ACTIVITY >> Reproduce the listing below in full and exactly; no pictures belong in the copy.

SUPPLIED MATERIAL >>
***
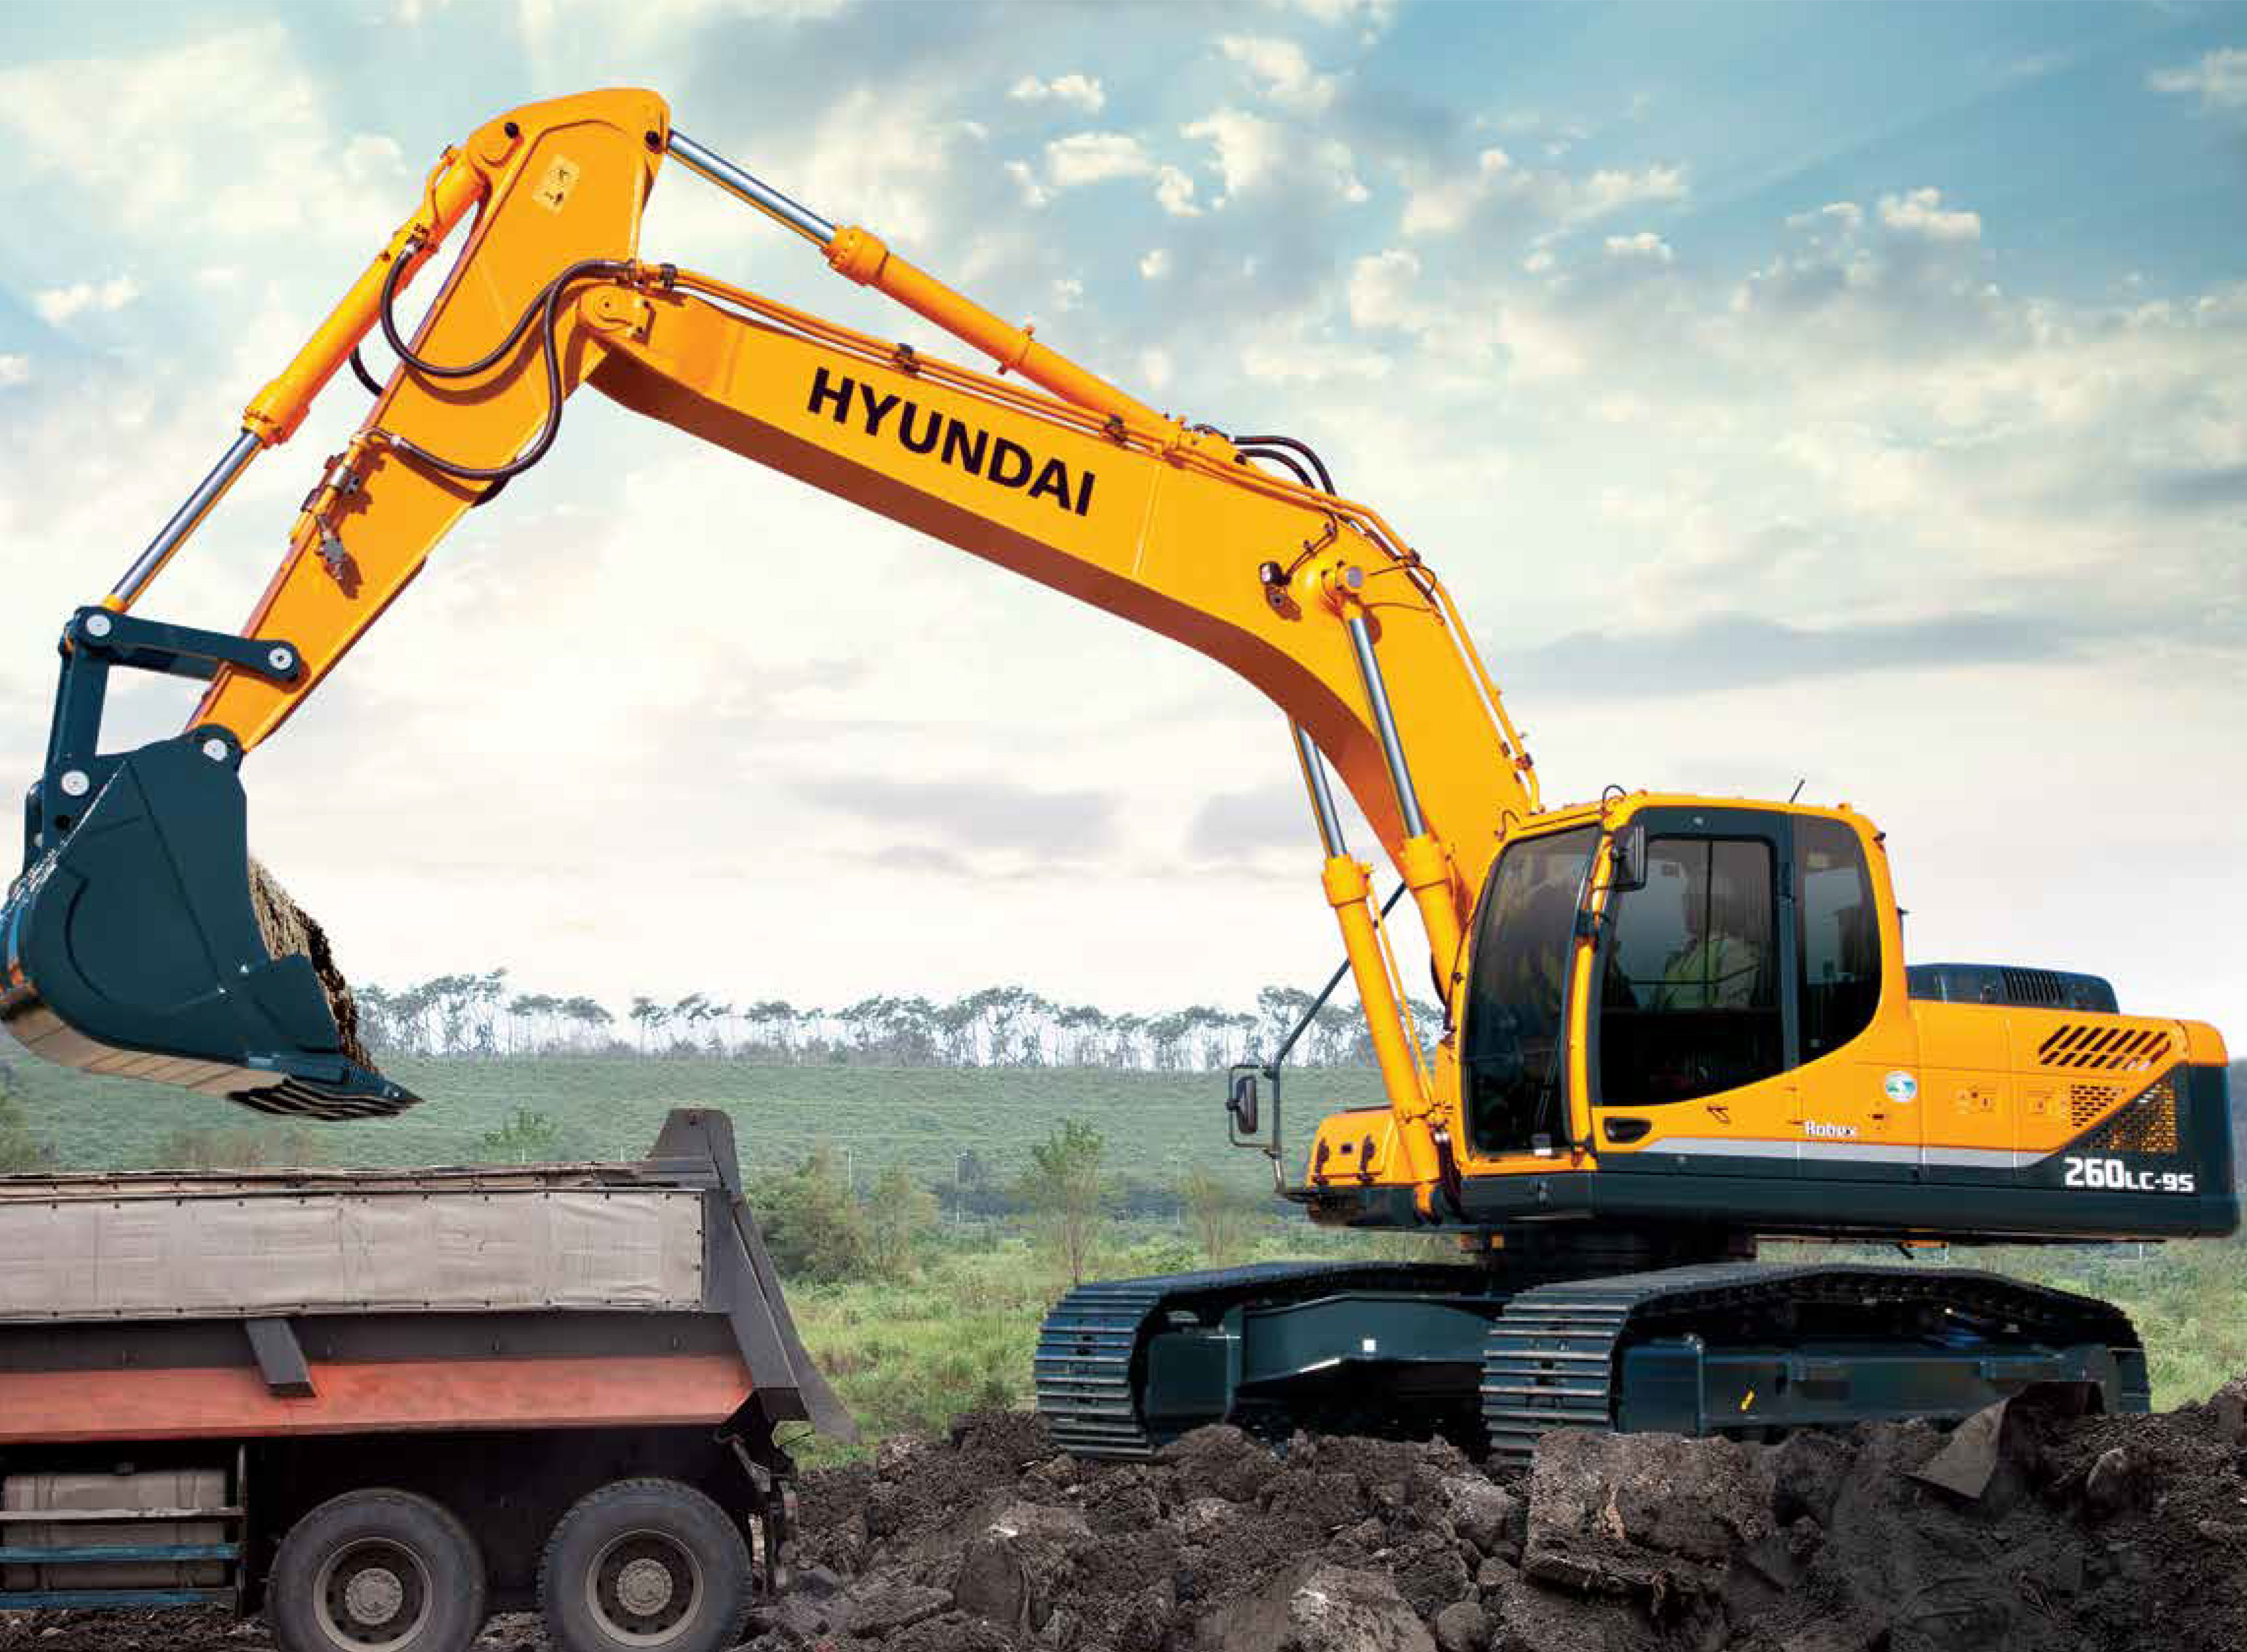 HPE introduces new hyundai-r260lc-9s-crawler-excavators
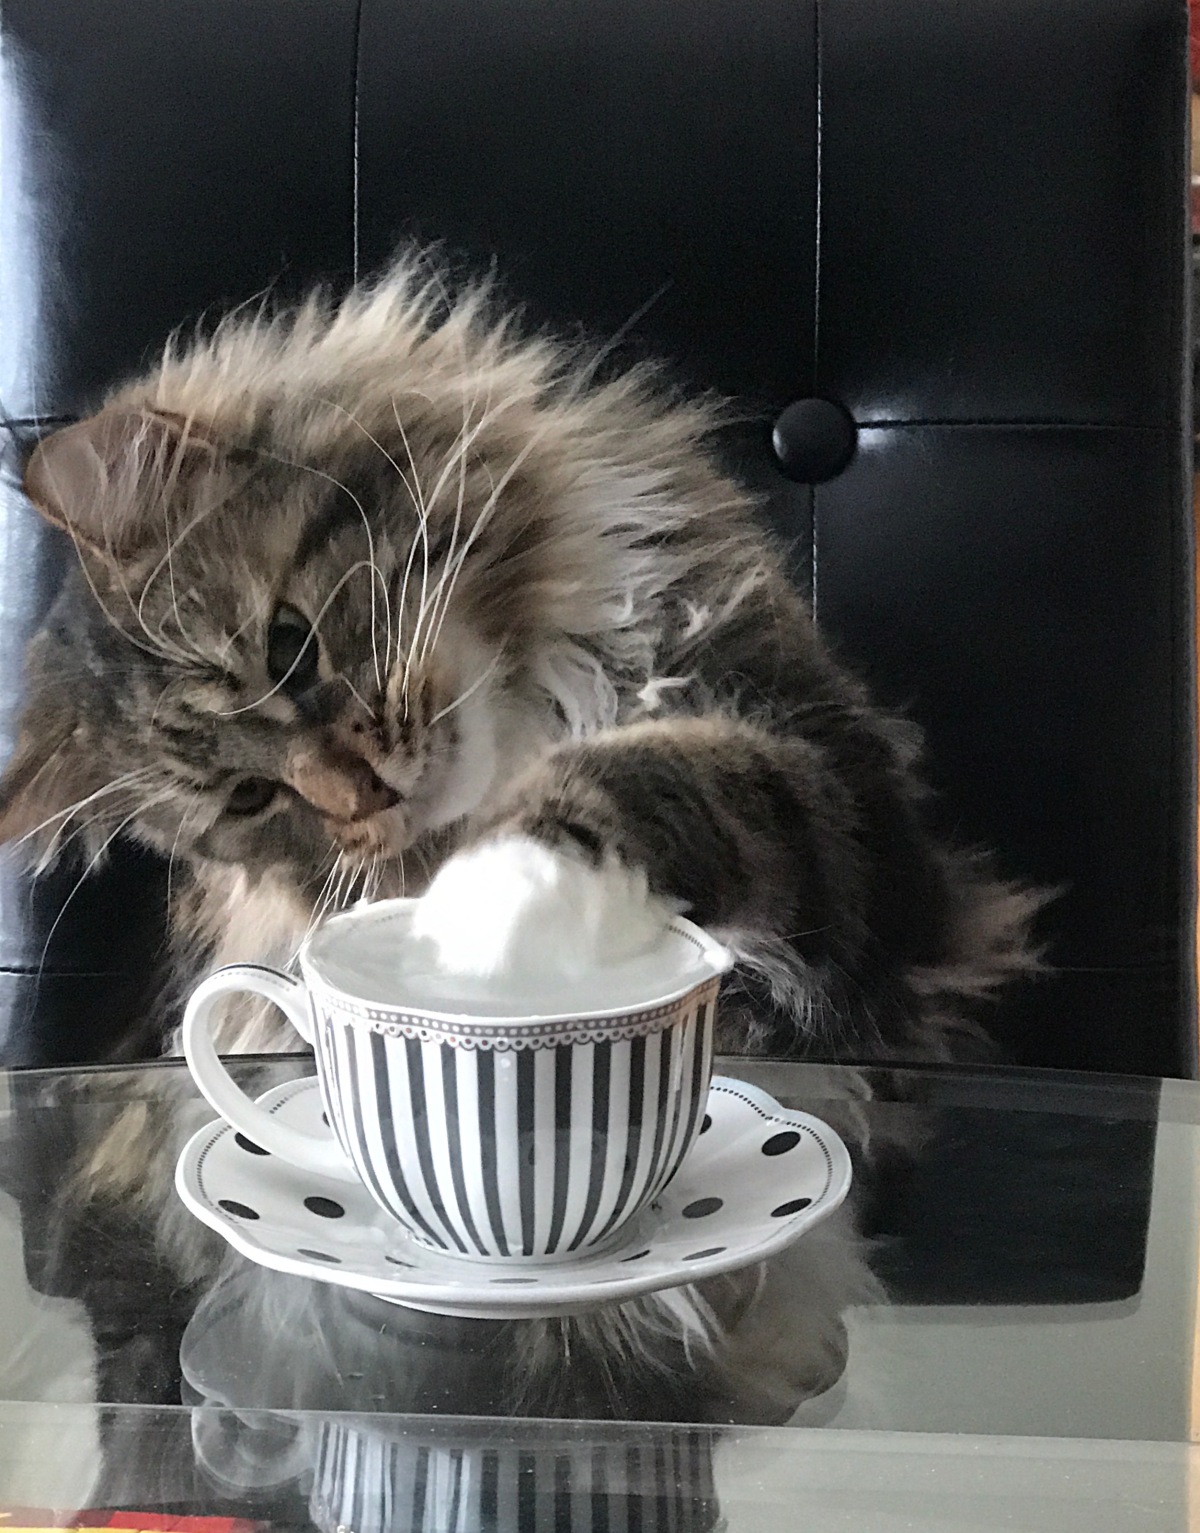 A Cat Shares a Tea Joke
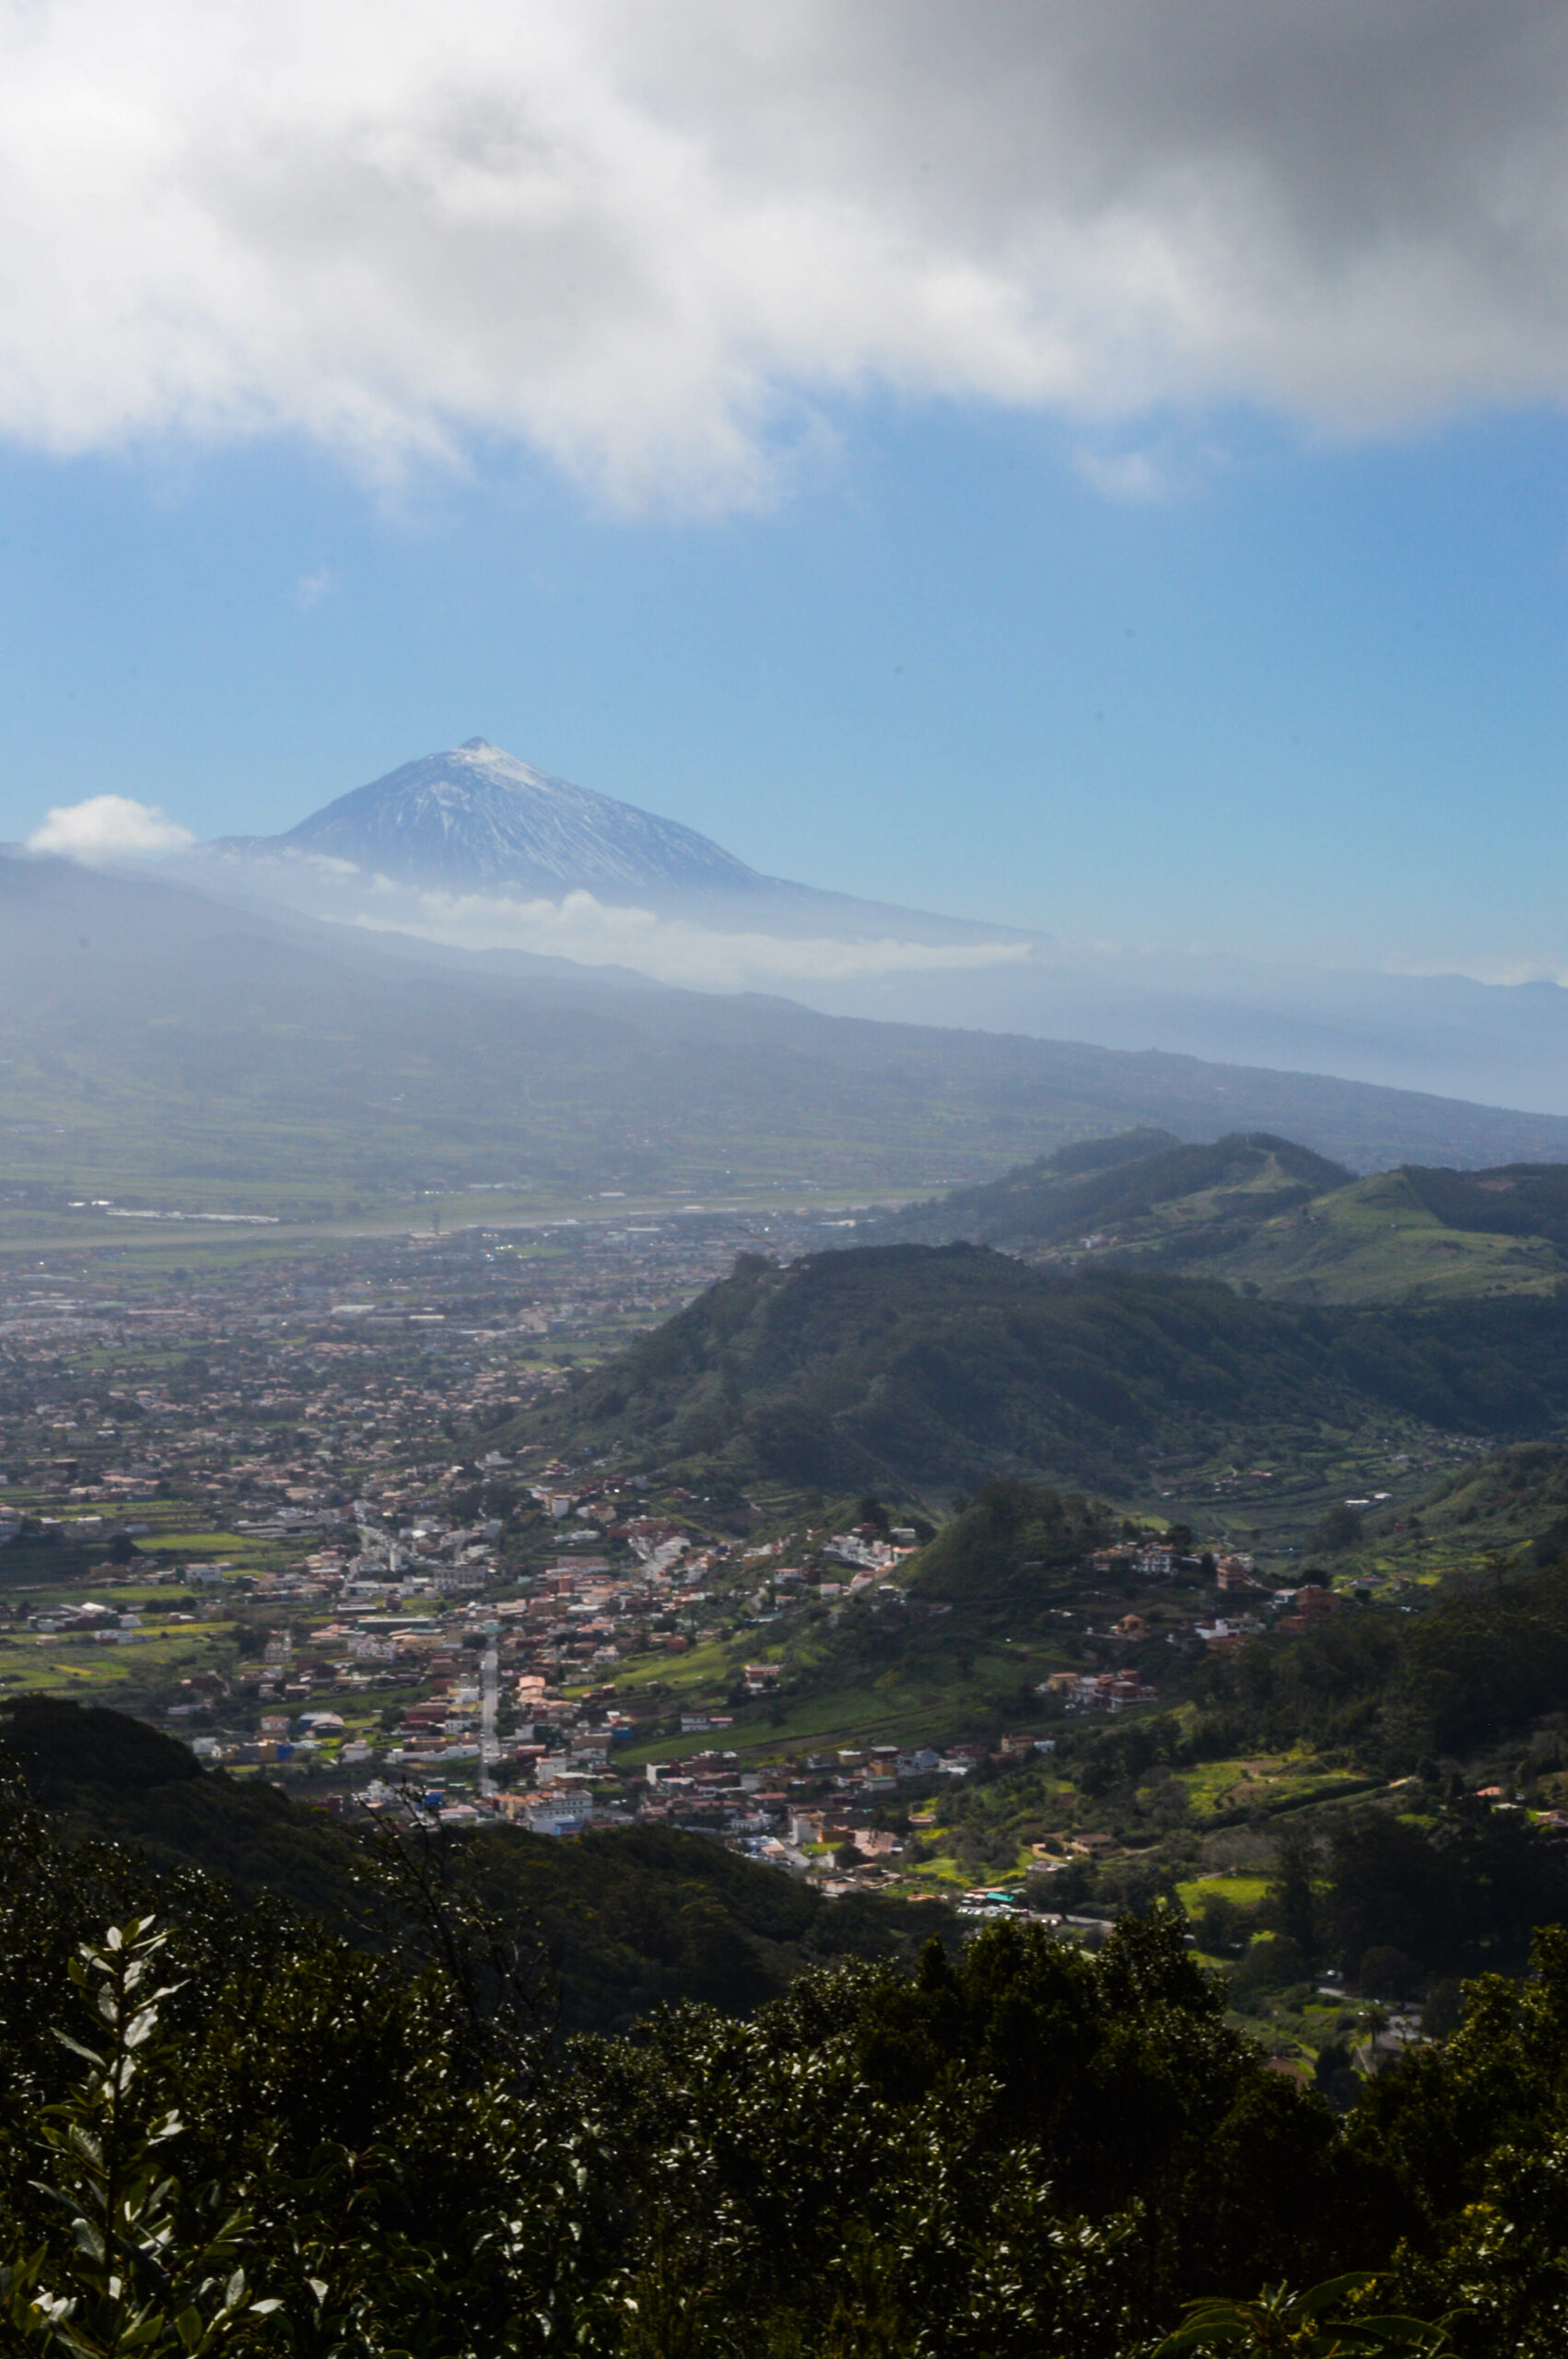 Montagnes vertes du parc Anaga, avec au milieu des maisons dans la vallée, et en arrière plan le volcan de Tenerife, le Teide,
***
RESULT OF THE EXERCISE >>
 HPE introduces new hyundai-r260lc-9s-crawler-excavators
 A Cat Shares a Tea Joke
 Montagnes vertes du parc Anaga, avec au milieu des maisons dans la vallée, et en arrière plan le volcan de Tenerife, le Teide,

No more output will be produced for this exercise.